WHAT THE TASK ASKS: Output the whole listing below exactly, omitting the images.

PROVIDED MATERIAL:
★ ★ ★ ★ ★
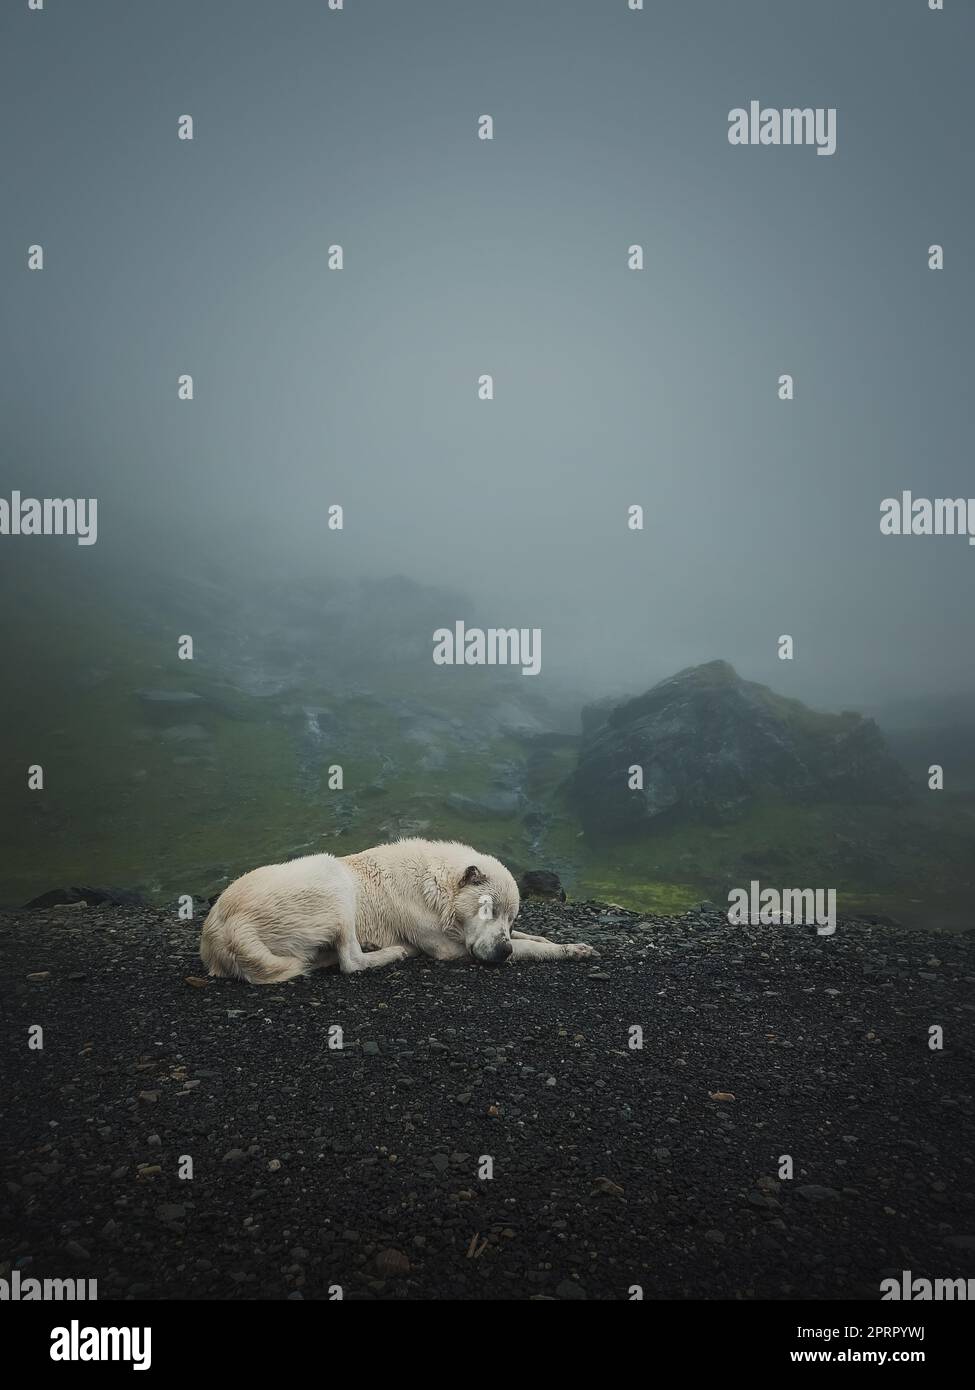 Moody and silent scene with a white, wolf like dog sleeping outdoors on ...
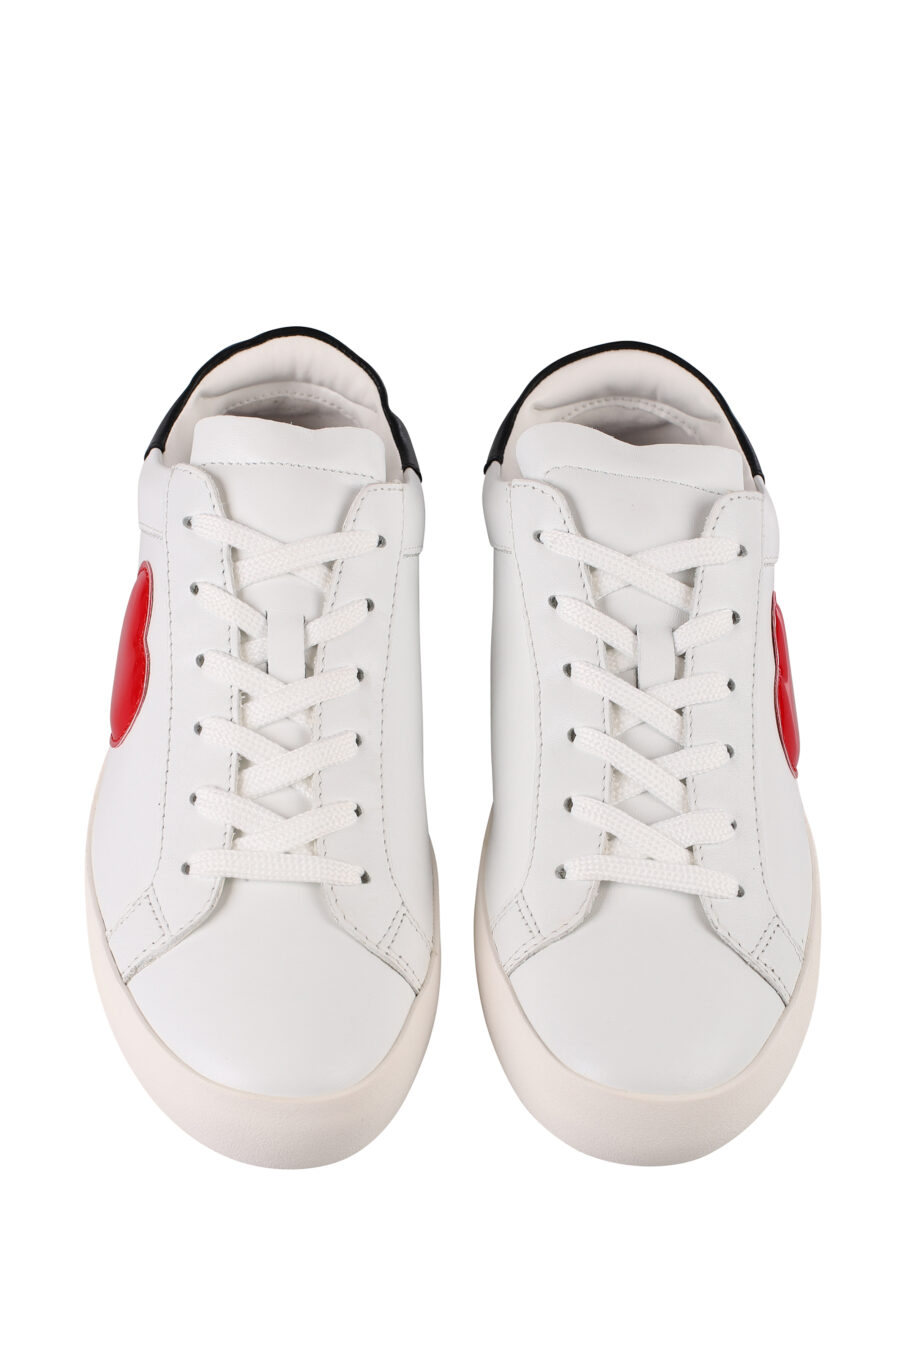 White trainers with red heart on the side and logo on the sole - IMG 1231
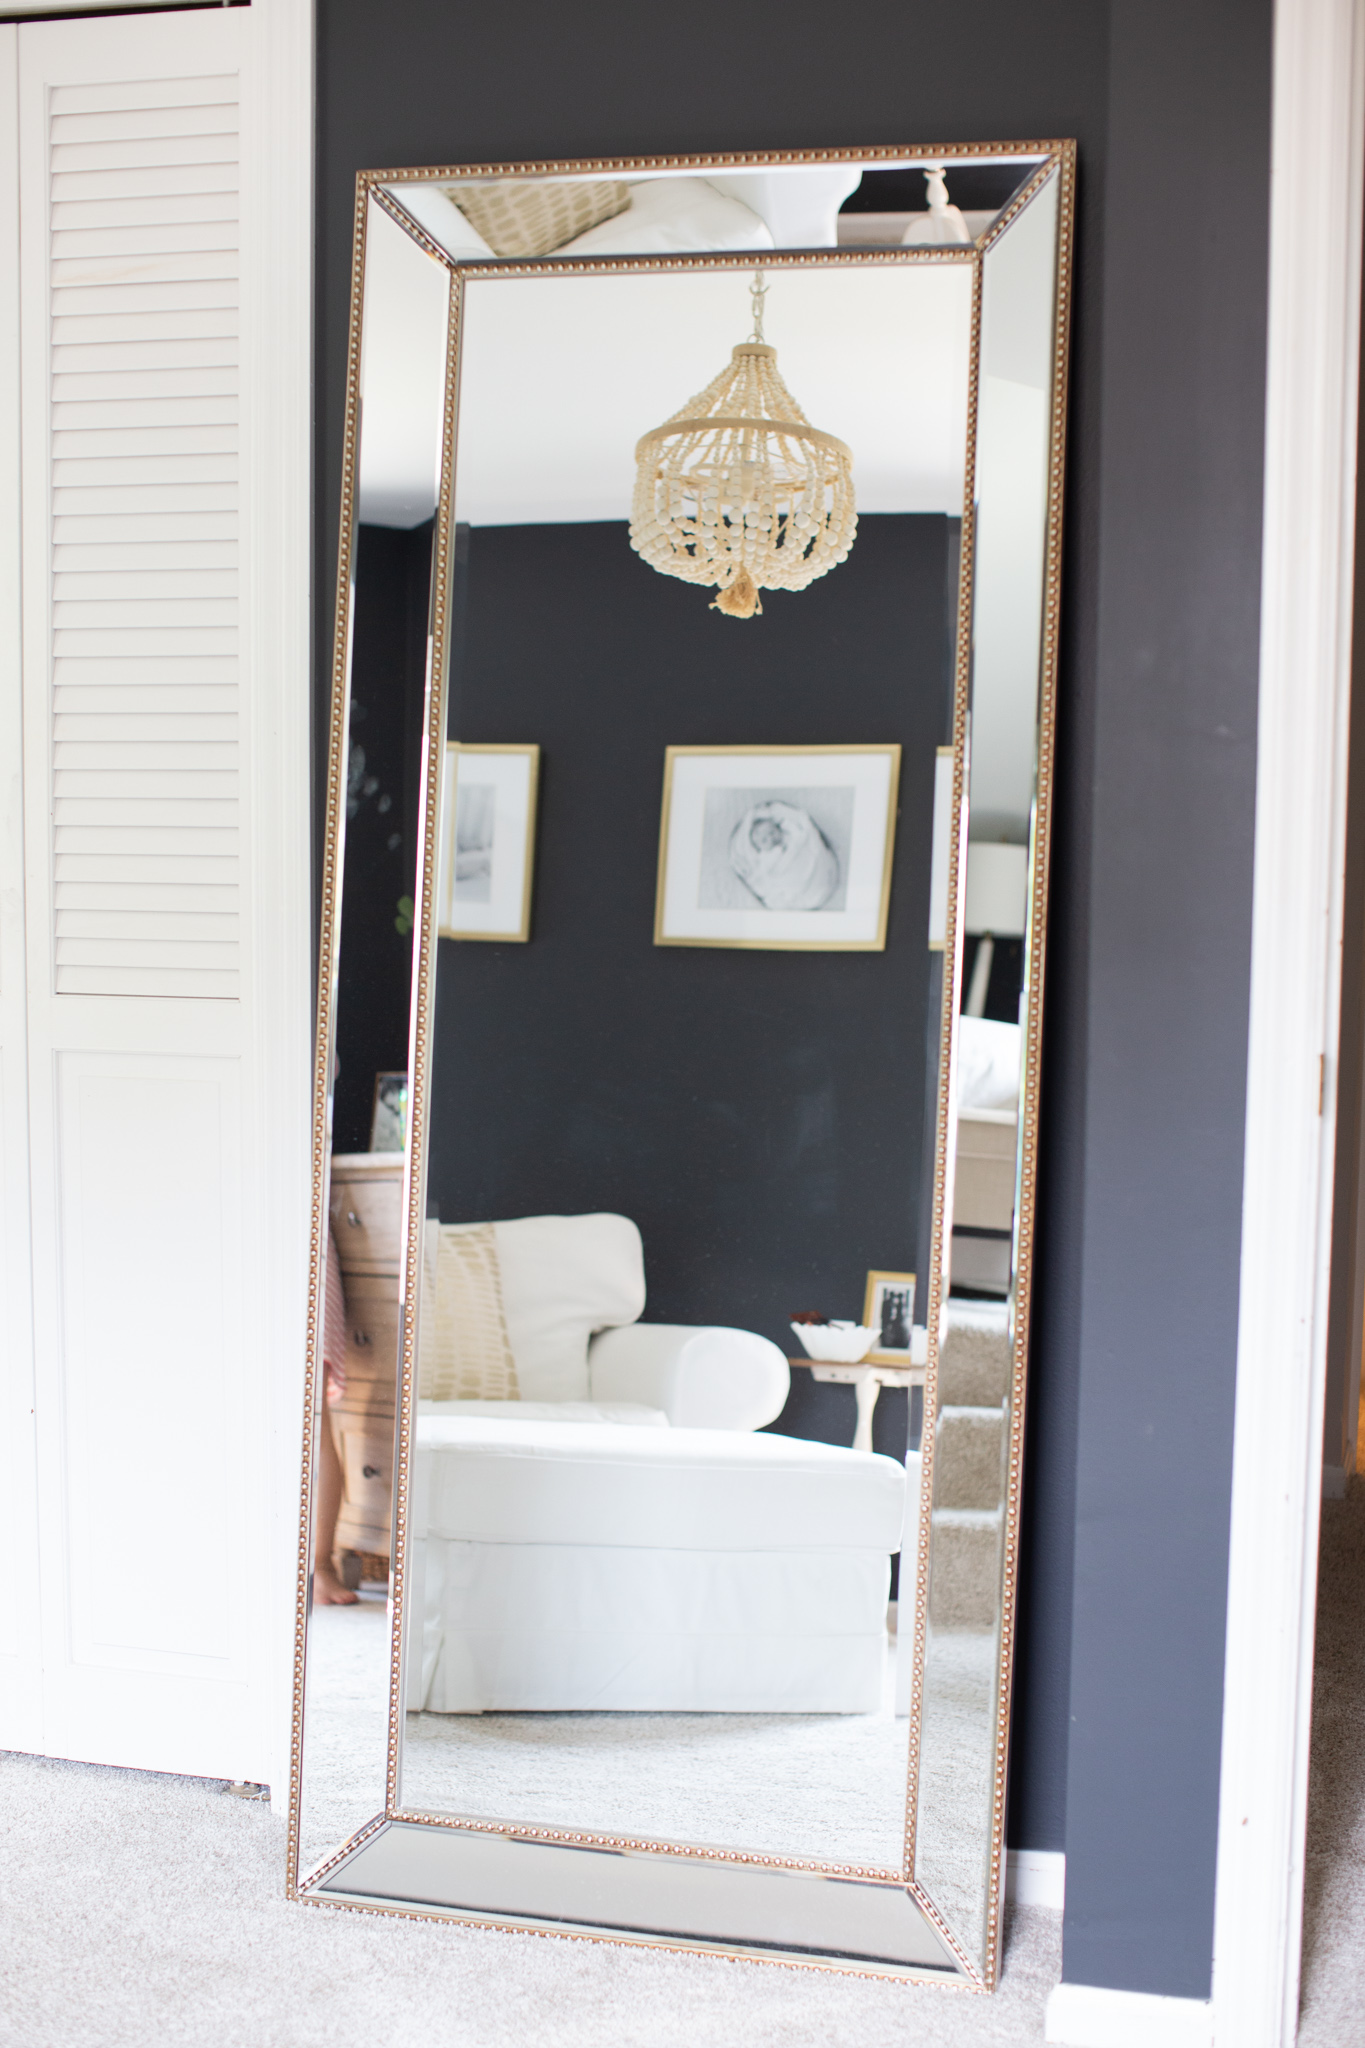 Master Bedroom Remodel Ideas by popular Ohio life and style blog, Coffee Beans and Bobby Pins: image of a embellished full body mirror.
★ ★ ★ ★ ★
FINISHED EXERCISE:
 Moody and silent scene with a white, wolf like dog sleeping outdoors on ...
 White trainers with red heart on the side and logo on the sole - IMG 1231
 Master Bedroom Remodel Ideas by popular Ohio life and style blog, Coffee Beans and Bobby Pins: image of a embellished full body mirror.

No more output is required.